British man wounded in Beirut said family ‘feared he was dead’ after explosion

British man wounded in Beirut said family ‘feared he was dead’ after explosion
Lebanon Explosion France

A British citizen living in Beirut said his family “feared he was dead” following Tuesday’s explosion.

Andy Kemp, 58, spoke of the emotional moment his son discovered he was still alive after the blast “turned his office upside down”.

He had been working less than half a mile from the explosion site when the blast saw glass shards fired into his head and neck.

He thought he had been blinded by the debris, before realising it was the blood from a head wound running into his eyes.

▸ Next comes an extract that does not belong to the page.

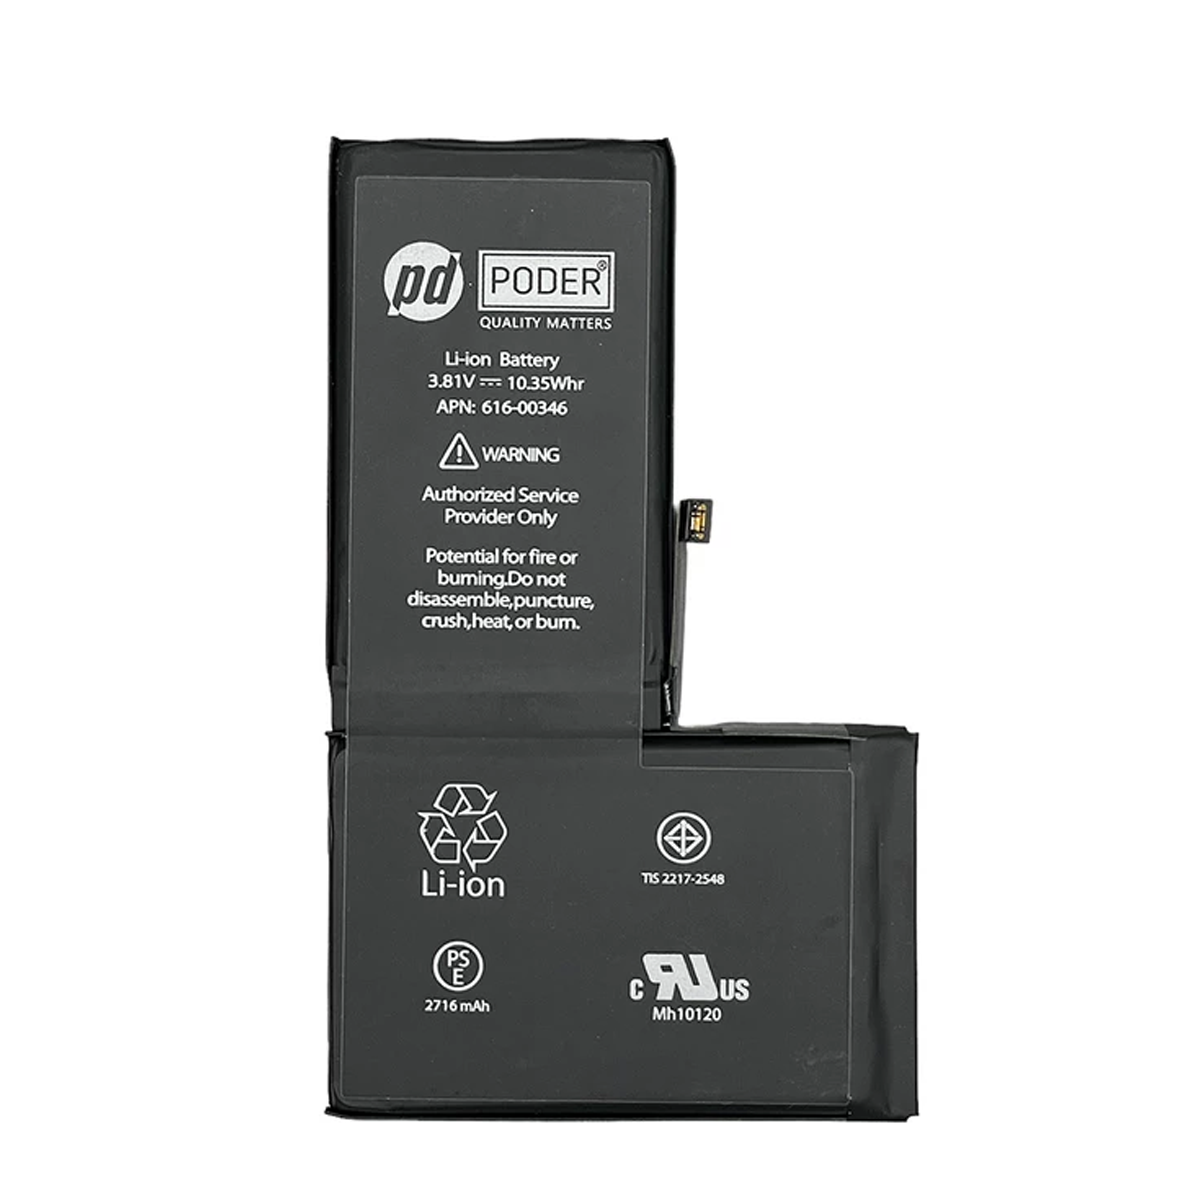 باتری موبایل پودر مدل 02088 مناسب برای گوشی موبایل اپل iPhone X	-small-image

After the first explosion, Mr Kemp grabbed his phone and had enough time to type the words “uh-oh” in a group chat with his family before the second blast flung him across the room.

He said: “My office was turned inside out, and was on top of me. That was fairly scary. It went an eerie quiet after that, I just sat there, under a pile of stuff, the windows had been blown off, and everything had collapsed.”

Mr Kemp’s eldest son, Jack, 19, was at their apartment nearby when the explosion happened.

“Jack heard the first explosion, went onto his balcony, saw the second explosion and ran inside,” Mr Kemp said.

“As he was running inside, the two glass doors into the balcony followed him.

He had an injury to his leg and assumed I was dead, freaked out and sprinted to the office. I met him coming the opposite way in the corridor, which was fairly emotional.

French and Lebanese firemen search in the rubble of a building (Hassan Ammar/AP)

His wife Jane, 51, daughter Phoebe, 12 and youngest son Max, 18, were unharmed after visiting the beach.

At least 100 people died and thousands more were injured in the explosion – and while there are no reports of British fatalities, details of UK citizens caught up in the devastation are still being established.

The father-of-three realised he was bleeding heavily and tried the hospital nearest his office, which had been badly hit.

He described the scene on the streets as “hell on earth”, with rubble everywhere, and people “compacted” into their cars on the streets.

He said: “They stuck me in the back of an ambulance with a dead guy and a bunch of people who weren’t doing very well.

(Thibault Camus/AP)

“There was so much blood on my phone, I couldn’t use it. I could see my wife was trying to call me, but when I tried to swipe to answer, my phone was slicked with blood.”

He said he was “one of the lucky ones” as shards of debris narrowly missed piercing vital veins in his neck.

Speaking during a visit to Warrington, England, UK Prime Minister Boris Johnson said he was “appalled and shocked by the scenes in Lebanon”.

He said: “Our sympathy is very much with the people of Lebanon, of Beirut, and all the victims, their families, all those who’ve lost their homes — hundreds of thousands of people who have seen their homes damaged, one of the worst explosions we’ve seen in modern times.

“The UK has sent HMS Enterprise to help survey the port to see what we can do to help with the repair of damage.”

He said the UK Government would be sending a medical team and support package of £5 m (€5.5m) to aid recovery efforts.